The Conquest of Cold by Tom Shachtman
Refrigerated railroad cars played a fateful role
in the final subjugation of native cultures in the American West.
Artificially
produced refrigeration has been the least noted of the three technological
breakthroughs of great significance to the growth of cities that came to the
fore between the 1860s and the 1880s. More emphasis has been given to the role
played by the elevator and by the varying means of communication, first the
telegraph and later the telephone. The elevator permitted buildings to be
erected higher than the half-dozen stories a worker or resident could
comfortably climb; telegraphs and telephones enabled companies to locate
managerial and sales headquarters at a distance from the ultimate consumers of
goods and services.
Refrigeration
had equal impact, allowing the establishment of larger populations farther than
ever from the sources of their food supplies. These innovations helped
consolidate the results of the Industrial Revolution, and after their
introduction, the populations of major cities doubled each quarter century,
first in the United States—where technologies took hold earlier than they
did in older countries—and then elsewhere in the world.
An
index of civilization
A
spate of fantastic literature also began to appear at this time; in books such
as Jules Verne's Paris in the Twentieth Century, set in 1960, indoor climate control was
mentioned, though its wonders were not fully explored.
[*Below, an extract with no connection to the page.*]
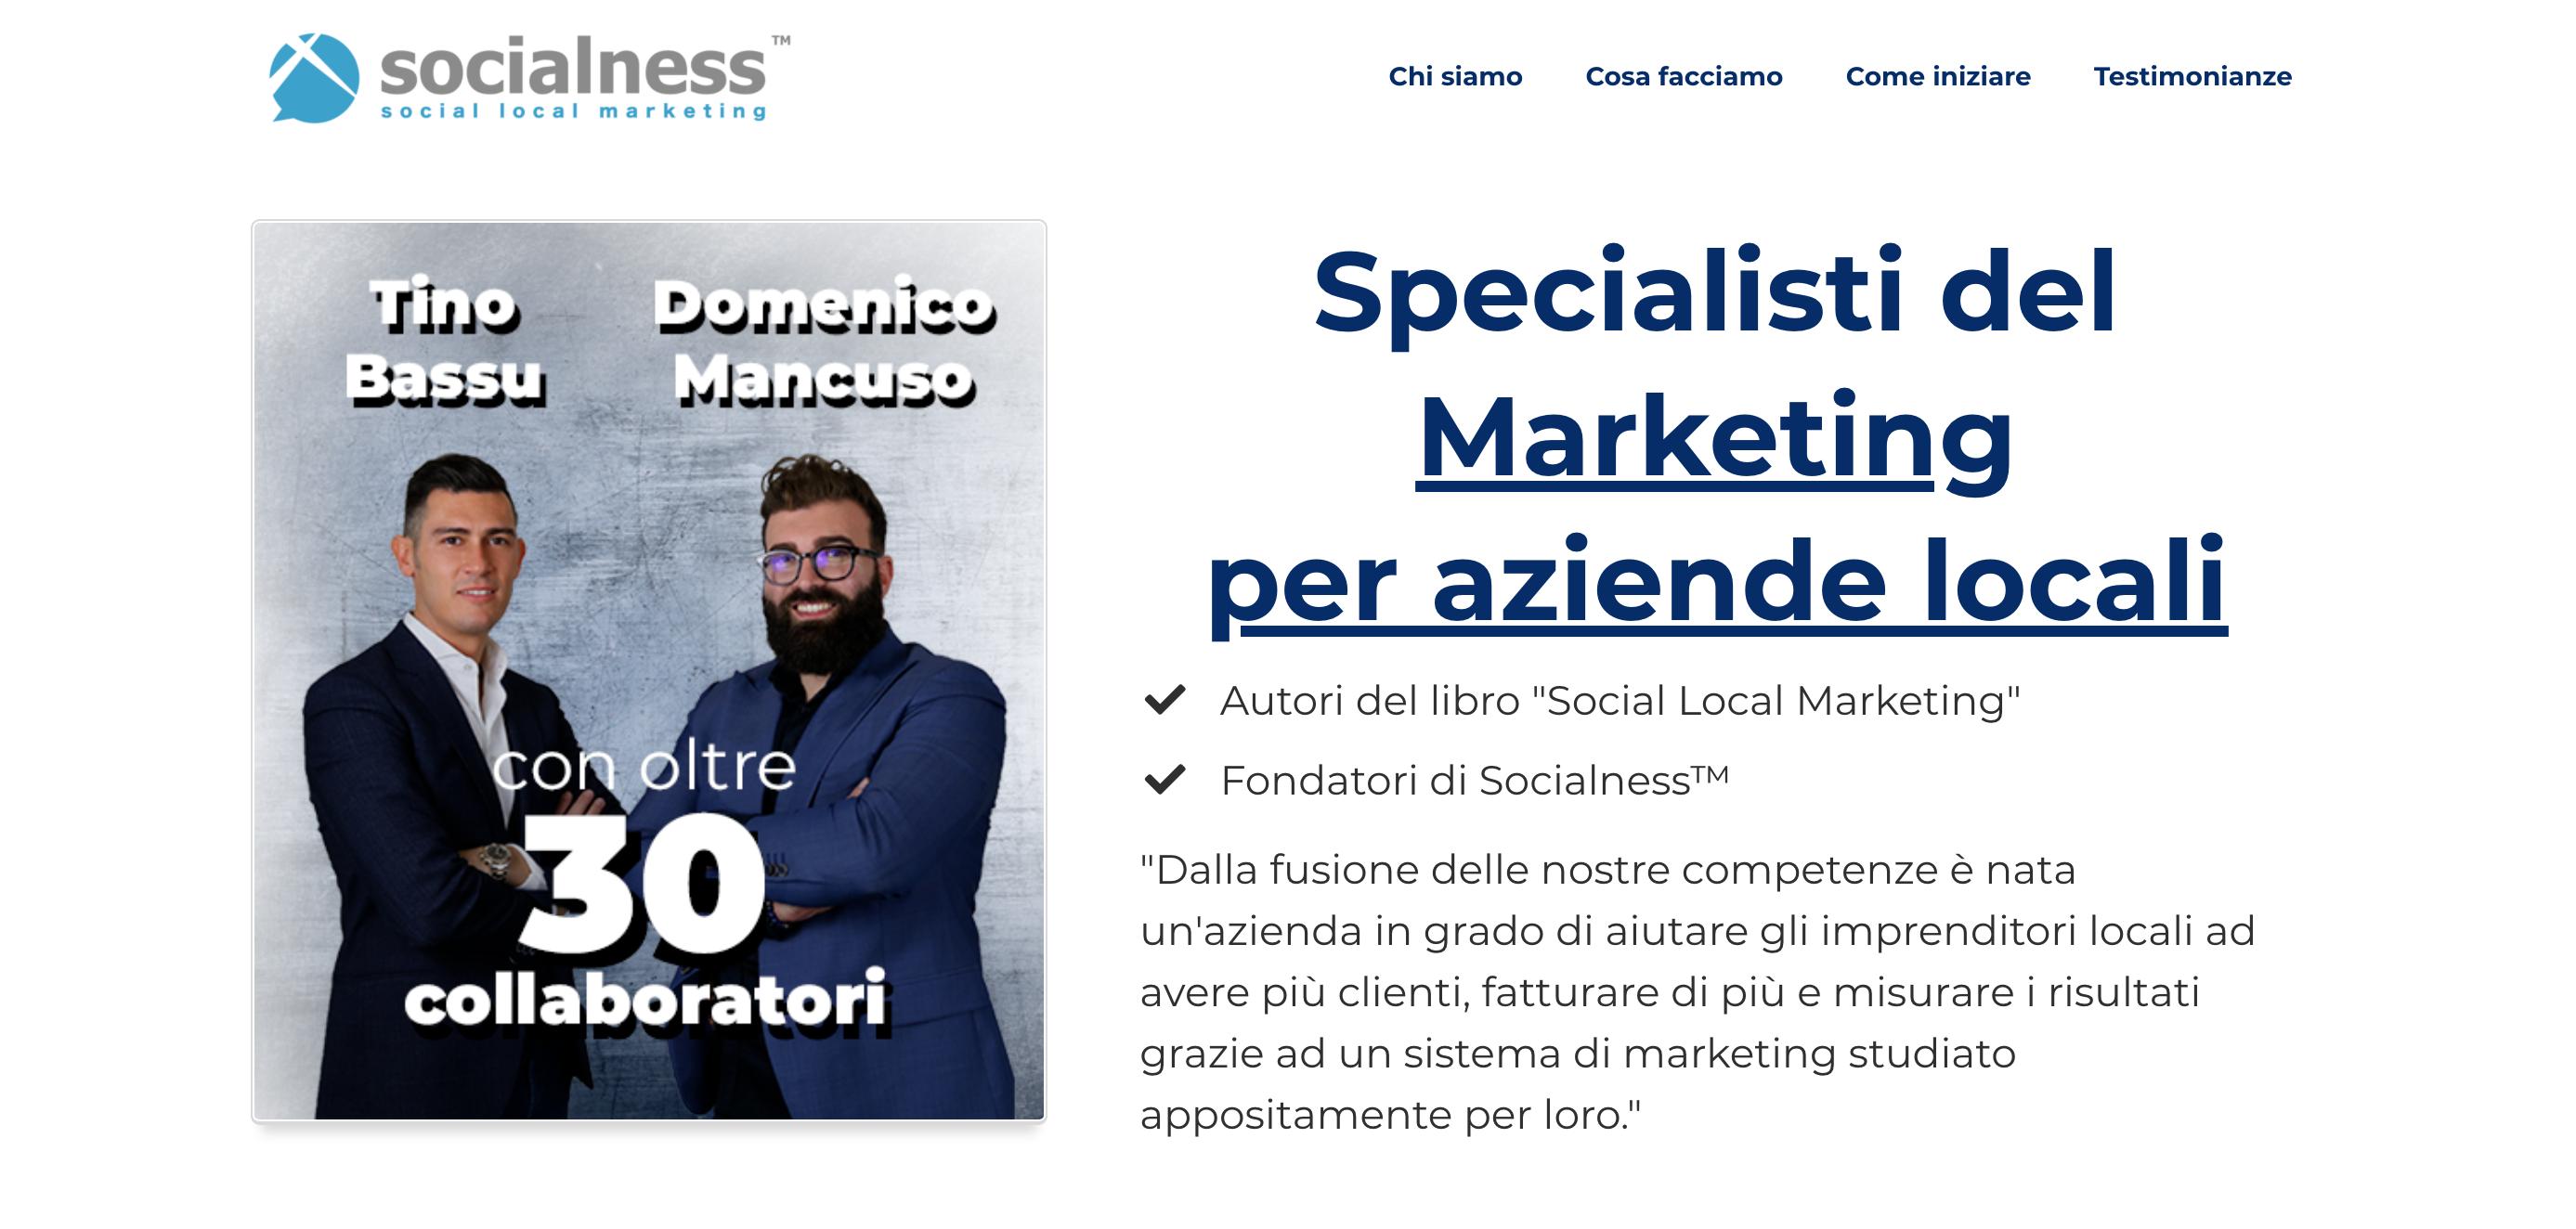 Socialness social local marketing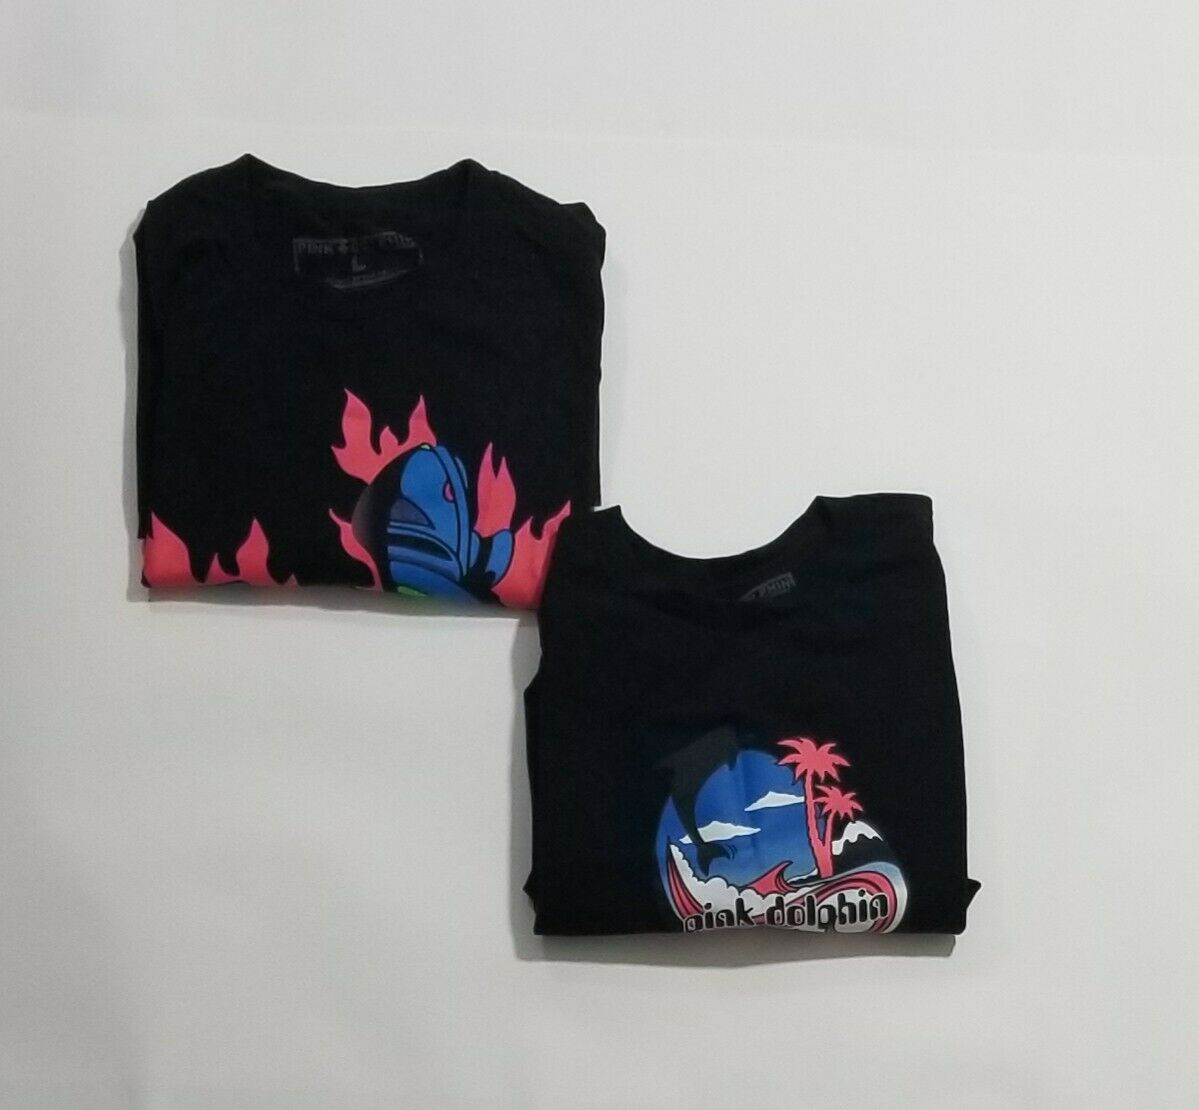 2 PINK DOLPHIN Graphic T-Shirts Black Men Size La… - image 1

From the mid-19th
century on, most visions of technologically rich futures included predictions
of control over indoor and sometimes outdoor temperature.
In
addition to flocking to cities for jobs, Americans also became urbanites in the
latter part of the 19th century because there seemed to be fewer hospitable
open spaces into which an exploding population could expand. Large areas of the
United States were too hot during many months of the year to sustain colonies
of human beings; these included the Southwest and parts of the Southeast, with
their tropical and semitropical climates, deserts, and swamps. Looked at in retrospect, the
principal limitation on people settling in those areas was the lack of
air-conditioning and home refrigeration.
In
the second half of the 19th century, the use of cold in the home became an
index of civilization. In New York, 45 percent of the population kept
provisions in natural-ice home refrigerators. It was said in this period that
if all the natural-ice storage facilities along the Hudson River in New York
State were grouped together, they would account for seven miles of its length.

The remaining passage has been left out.